Let's see what the final picture will look like:

scatter plot with annotations

Libraries

First, we need to install the following librairies:

# Libraries
import pandas as pd
import matplotlib.pyplot as plt
from matplotlib.colors import LinearSegmentedColormap
from highlight_text import fig_text
from adjustText import adjust_text
from matplotlib.font_manager import FontProperties

Dataset

For this reproduction, we're going to retrieve the data directly from the gallery's Github repo. This means we just need to give the right url as an argument to pandas' read_csv() function to retrieve the data.
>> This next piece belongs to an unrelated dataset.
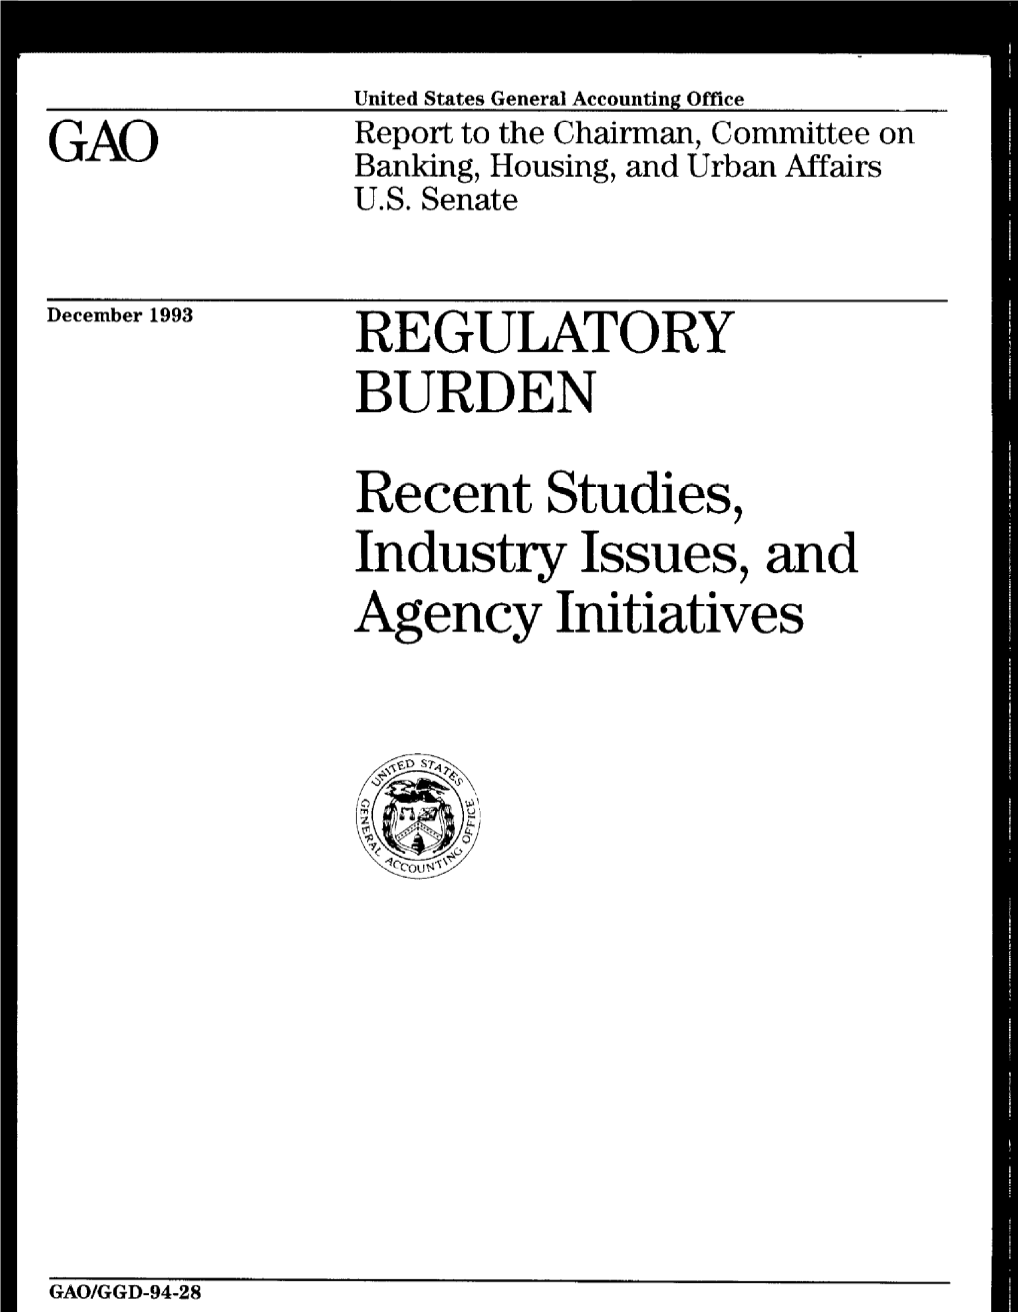 GGD-94-28 Regulatory Burden: Recent Studies, Industry Issues

url = 'https://raw.githubusercontent.com/holtzy/the-python-graph-gallery/master/static/data/footprint.csv'
df = pd.read_csv(url)
df = df[df['biocapacity']< 60]
df.head()
lifexp country region gdpCapita populationMillions footprint biocapacity ecoReserve earthsRequired ratio
0 76.0 Albania Other Europe 14889.0 2.9 2.1 1.176752 -0.894486 1.371485 1.784573
1 62.0 Angola Africa 6304.0 35.0 0.9 1.588191 0.730346 0.568029 0.566682
2 75.0 Argentina South America 22117.0 46.0 3.2 5.231663 2.011045 2.132556 0.611660
3 83.0 Australia Asia-Pacific 53053.0 26.1 5.8 11.021401 5.244362 3.825307 0.526249
4 81.0 Austria EU-27 55460.0 9.1 5.6 2.893775 -2.732866 3.725721 1.935189

Basic scatter plot

The core of the chart is simply based on the scatter() funtion from matplotlib. You can learn more about it in the dedicated section of the gallery.

# parameters
x_col = 'biocapacity'
y_col = 'footprint'
c = 'earthsRequired'

fig, ax = plt.subplots(figsize=(10, 8), dpi=500)

ax.scatter(
   df[x_col],
   df[y_col],
   c=df[c],
   s=150,
   edgecolor='white',
   alpha=0.7,
   marker='s',
   linewidth=0.4
)

plt.show()

Custom colors

We first want to create a cmap that will be used with the earthsRequired column. This column will be used to color the points of the scatter plot. Thanks to its LinearSegmentedColormap class, the matplotlib.colors module allows us to create a custom colormap. We can then use it with the scatter() function by setting the c argument to the column we want to use for the colors.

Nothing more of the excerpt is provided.